SabrinaThwaite · 16/02/2024 13:39

For some universities it can be any state school, in combination with other factors, not just state schools in lower performance bands that can qualify for contextual / widening participation offers.

eg Edinburgh and Durham - any state school with students home address being in the lower two quintiles of POLAR4

That was covered off in 'live in a deprived area' which was listed. The state school element of it in that case isn't relevant, they would be eligible on the deprived area criteria.

SabrinaThwaite · 16/02/2024 14:36

Londonforestmum · 16/02/2024 14:23

That was covered off in 'live in a deprived area' which was listed. The state school element of it in that case isn't relevant, they would be eligible on the deprived area criteria.

Edited

That’s not quite what you said though:

Contextualised offers usually only apply to the bottom 20% of state schools too, decent comps and grammars will need to same level of results as private

For Durham and Edinburgh it’s any state school combined with home postcode - so that would include good / outstanding comps and grammars.

Londonforestmum · 16/02/2024 14:37

You can qualify for the 'POLAR / deprived area / postcode' criteria for contextualised offers whether you're at state or private.
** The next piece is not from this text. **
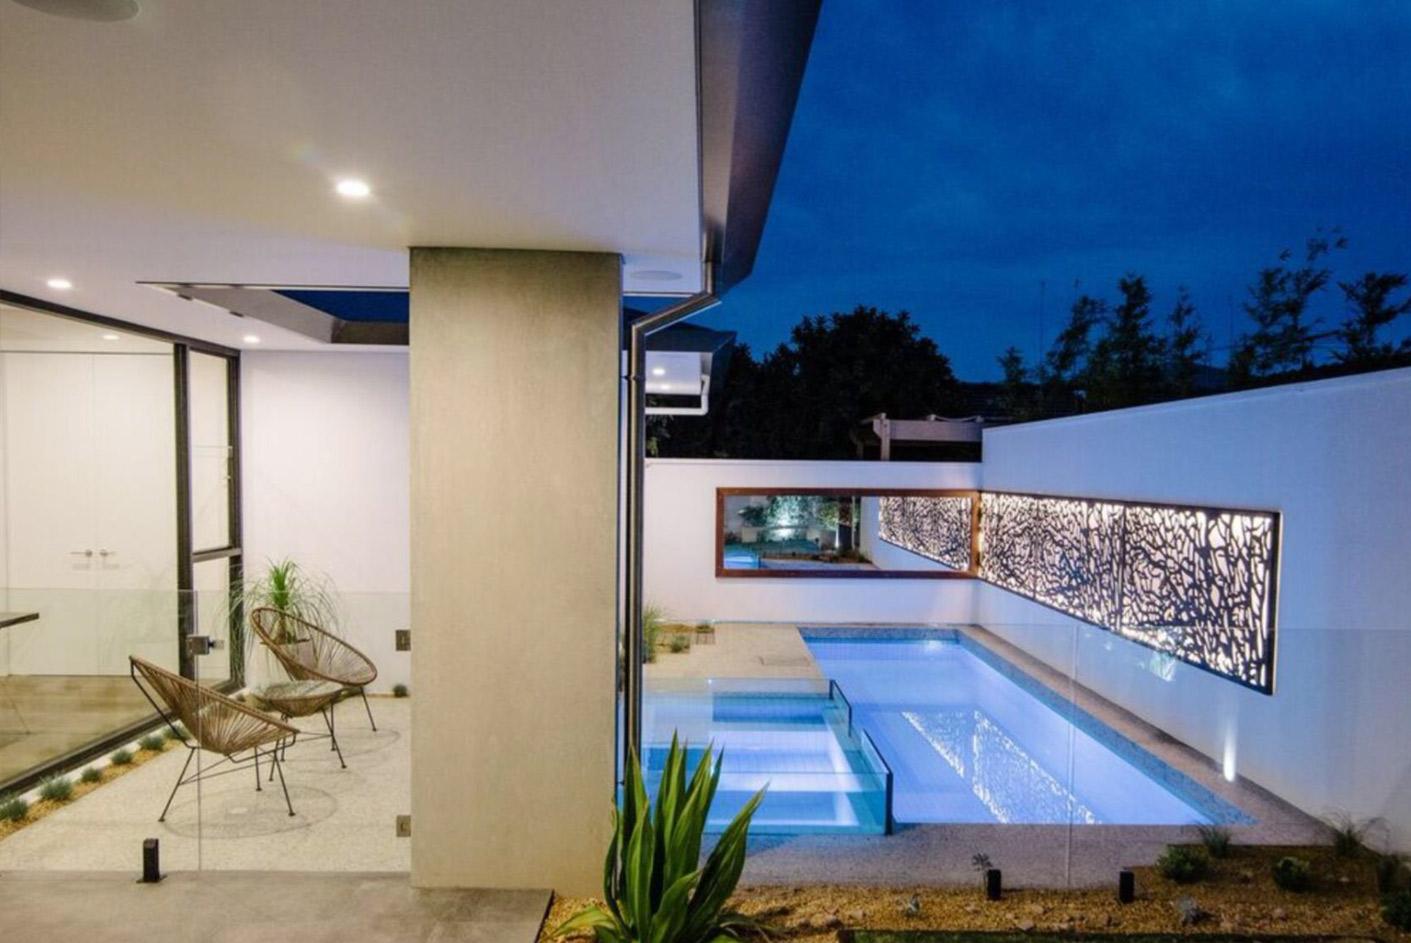 2016 Silver Pool Construction Award
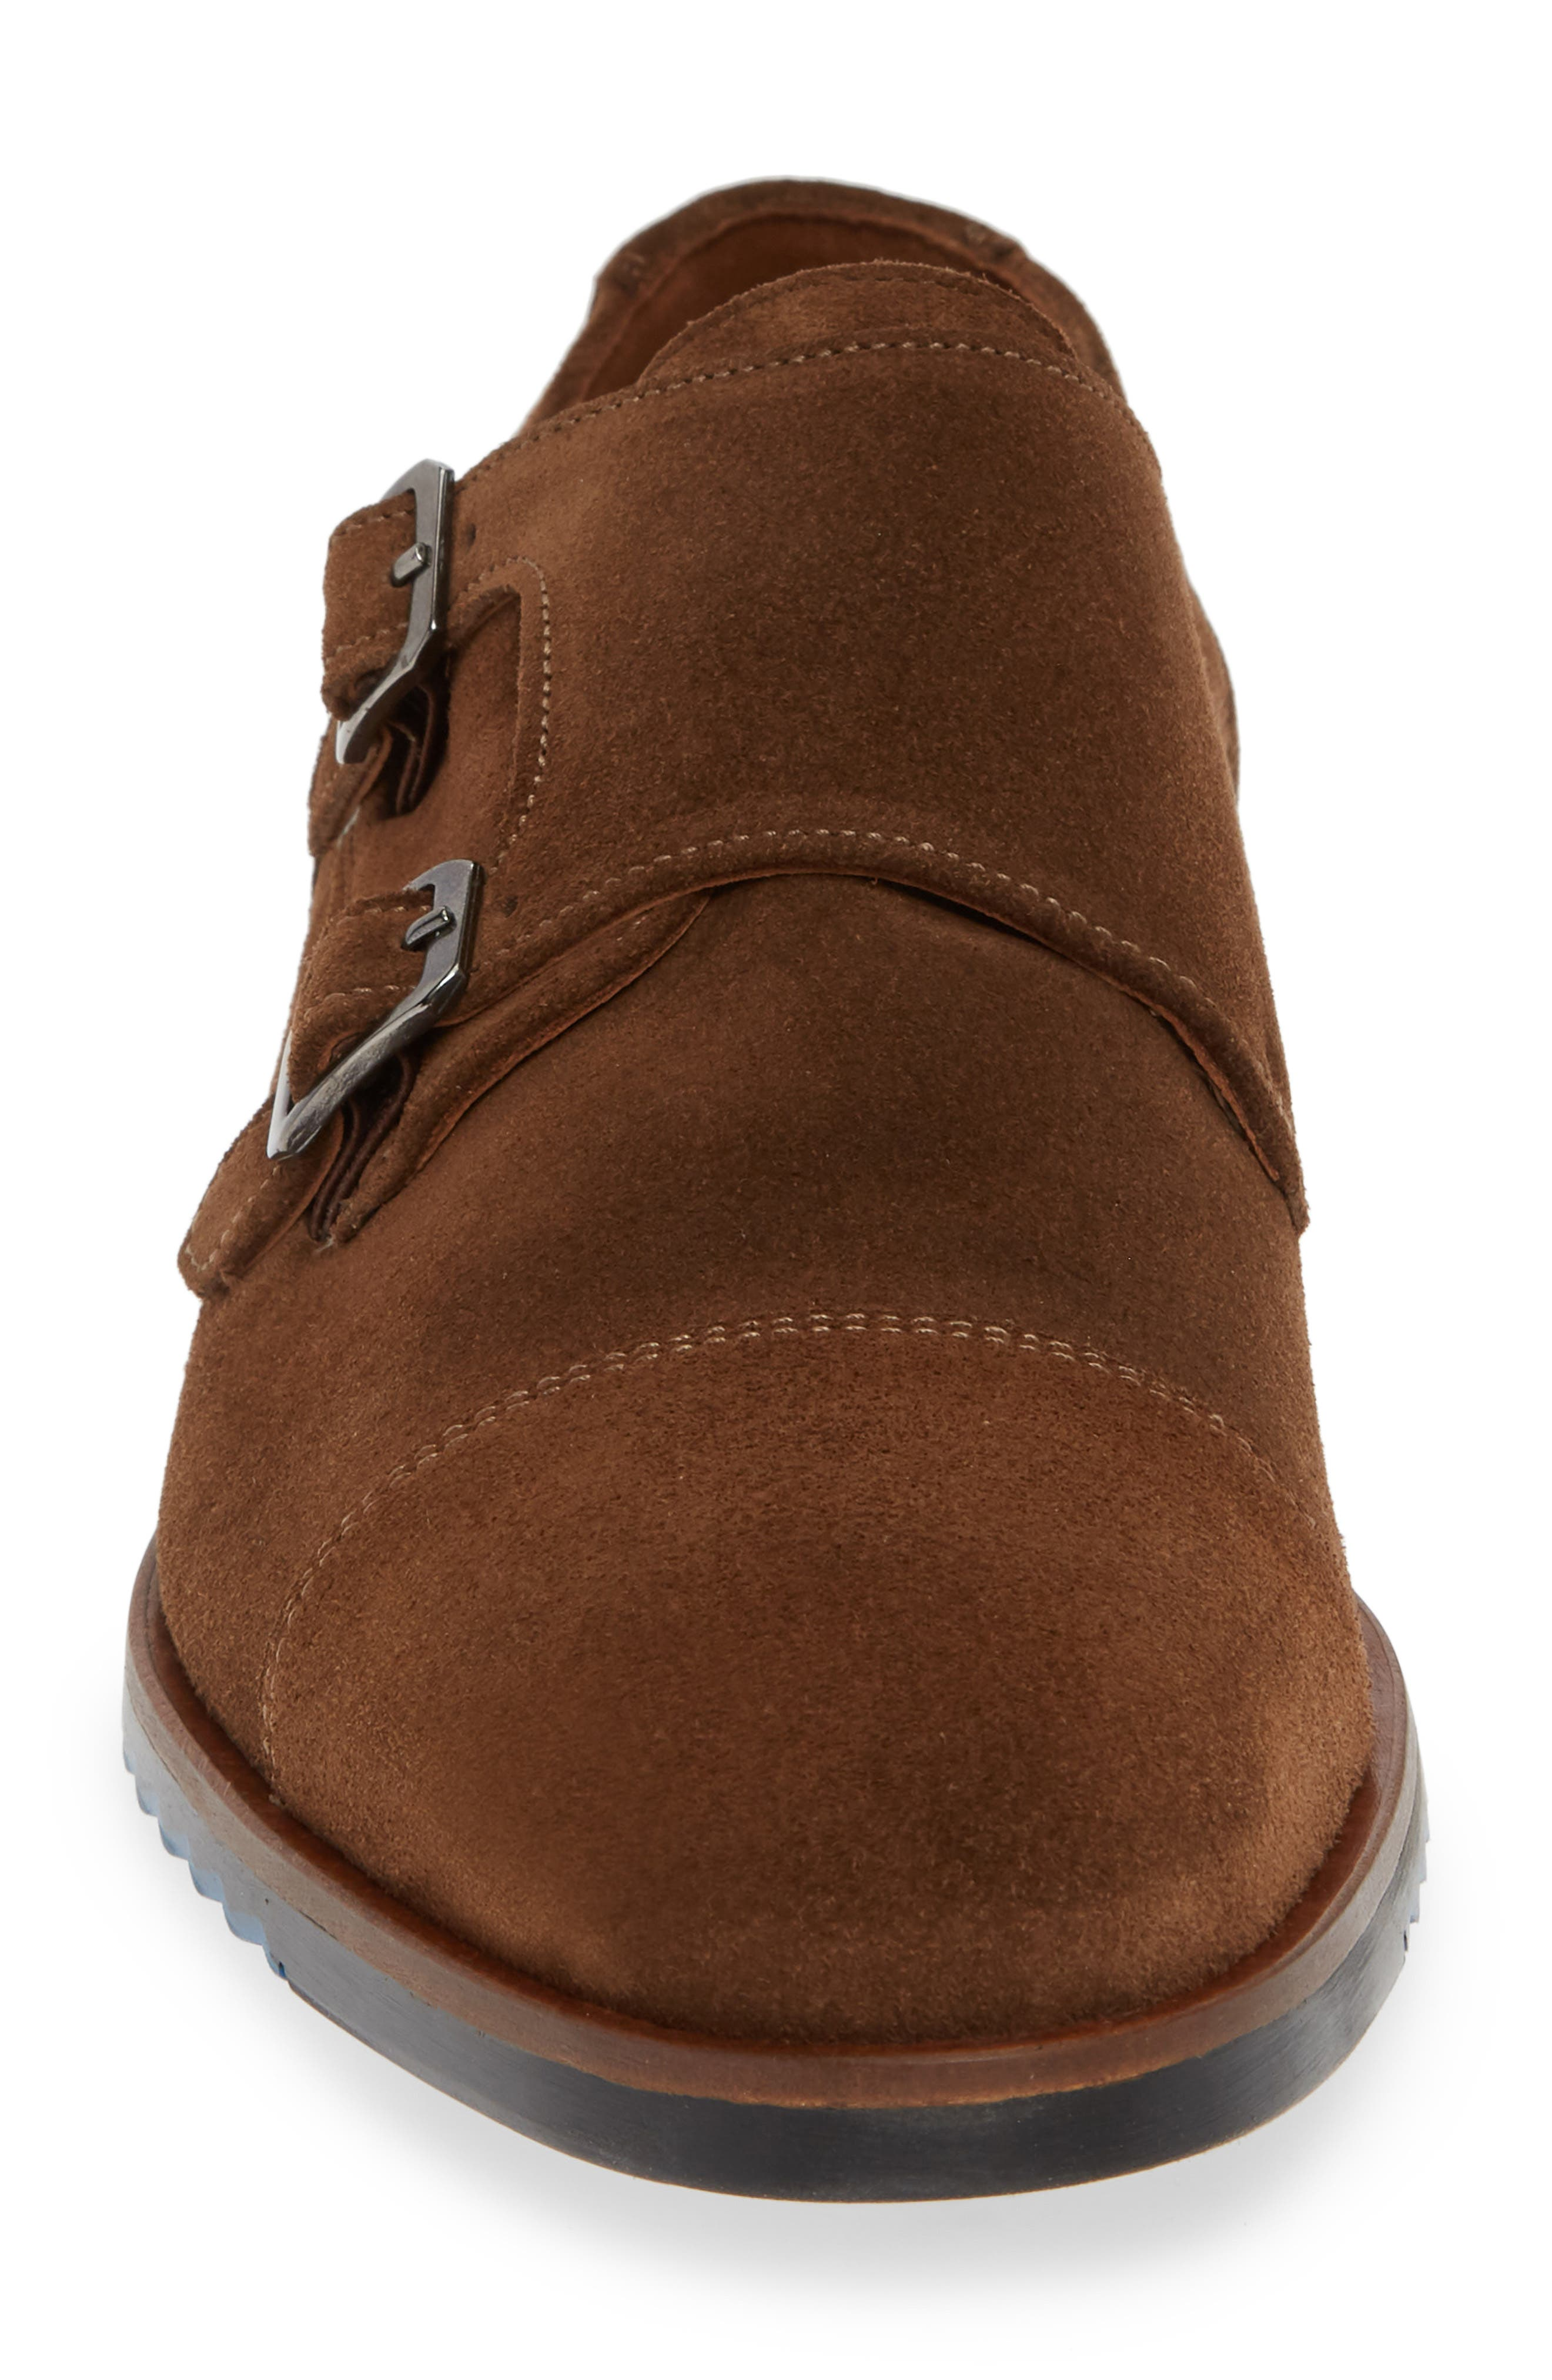 Darrow Double Monk Strap Shoe,                             Alternate thumbnail 4, color,                             CIGAR BROWN SUEDE

Londonforestmum · 16/02/2024 14:40

SabrinaThwaite · 16/02/2024 14:36

That’s not quite what you said though:

Contextualised offers usually only apply to the bottom 20% of state schools too, decent comps and grammars will need to same level of results as private

For Durham and Edinburgh it’s any state school combined with home postcode - so that would include good / outstanding comps and grammars.

Edited

There are several areas which you can qualify. You only need one of them, not a combination. Bottom 20% state school, postcode, illness, care leaver etc etc. I only mentioned the state school one in first post because that is the topic of this thread.

The other ones don't need to be in combination with state school. You could qualify for contextualised offer based on care leaver, postcode, illness etc having been at a private school.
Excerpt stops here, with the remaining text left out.